Lastly and quite candidly, Cervelli not as solid a defender as Stewart. This can be evidenced by the fact that Cervelli was actually Stewart’s backup when both were with the Yankees in 2013 and can further be justified statistically. Here’s the key head-to-head career numbers:

  • Chris Stewart: .992 Fld% / 31% Caught Stealing (CS) — 295 Games
  • Francisco Cervelli: .985 Fld% / 22% Caught Stealing (CS) — 236 Games

Hurdle will give each the chance to earn the starting job in Spring Training– he may even throw Sanchez a chance at earning the job, though that’s going to be a tough road for Sanchez to hoe. If history is any indicator, Stetwart will be the Pirates starting catcher in 2015 — either by earning the job outright or earning it by proxy (Martin leaves via free agency and/or Cervelli sustains an injury).

Looking at it from altitude, it’s not an awful trade by any means, but it does come with more bad than good, especially when considering what the Pirates had to give up to get to this point. Give up a righty instead, and I become a bigger fan of this deal. Doing something is better than doing nothing.

Notes/Things to Like:

– Cervelli’s nickname is “Gazoo” because of the larger, more heavily padded helmet he employs because of his history of concussions.  Gazoo, of course, is the charter member of the Fred Flinstone fan-club.

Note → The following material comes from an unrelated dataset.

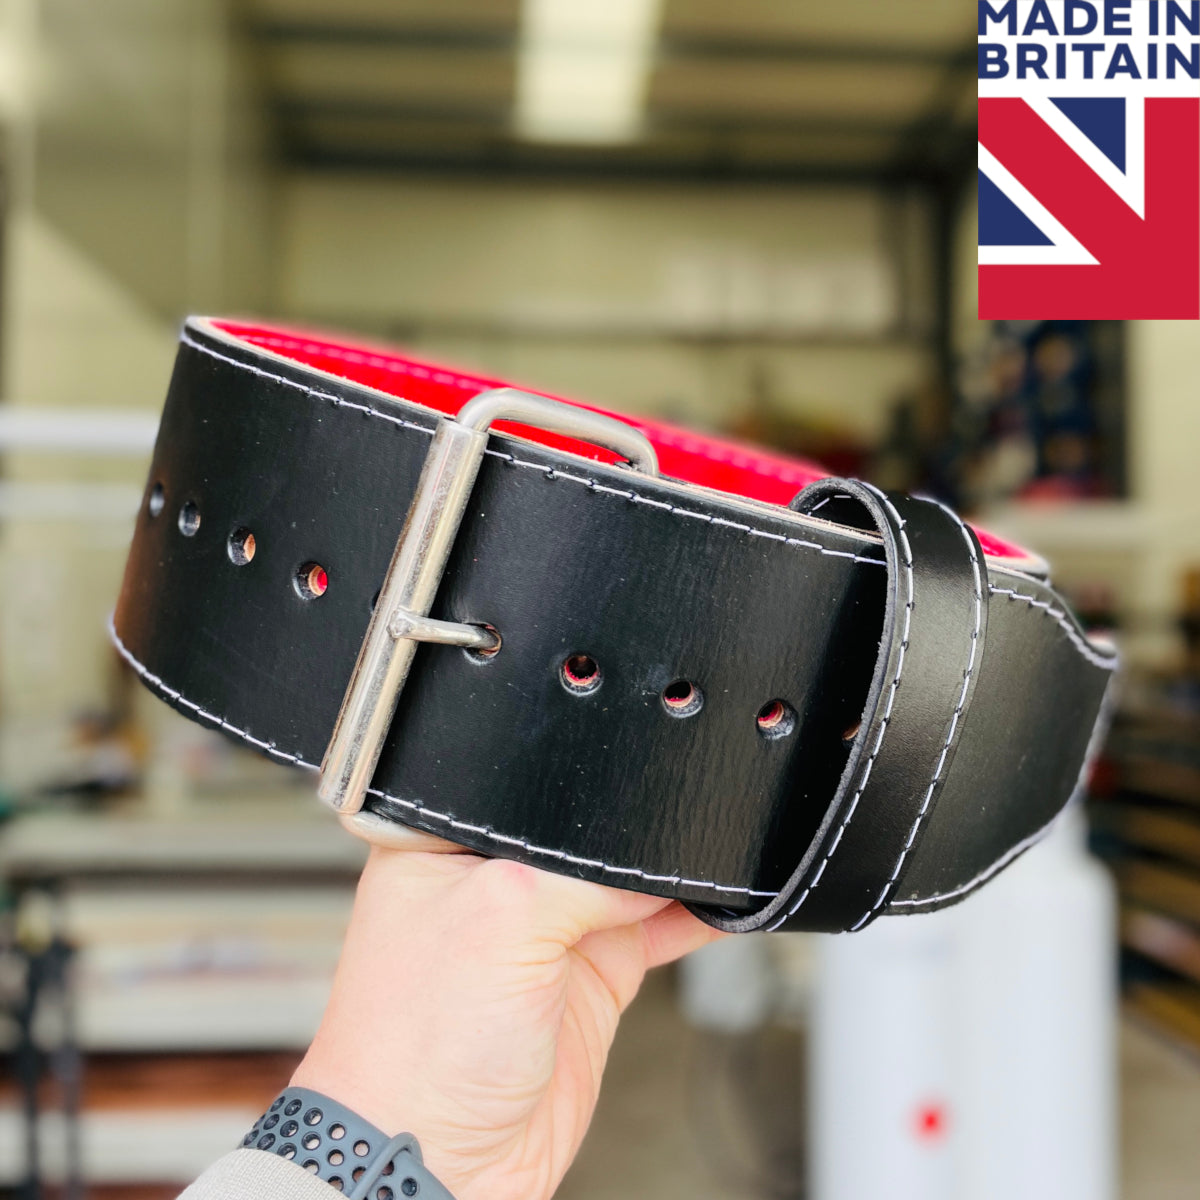 ModiFit Elite Stealth 10mm Single Prong Powerlifting Belt - Hand Made in UK - OLD LOGO - Small Only

– He brings with him experience from a storied franchise in the Yankees with a long history of winning baseball games.

– He will be somewhat inexpensive at around $1M/year, potentially allowing the Pirates to spend more money on the starting rotation (like the A.J. Burnett signing yesterday) when Martin officially signs with a different team.

– If Francisco Liriano resigns with the Pirates, there exist the potential of clever and witty references being made to the battery — FF?  F^2?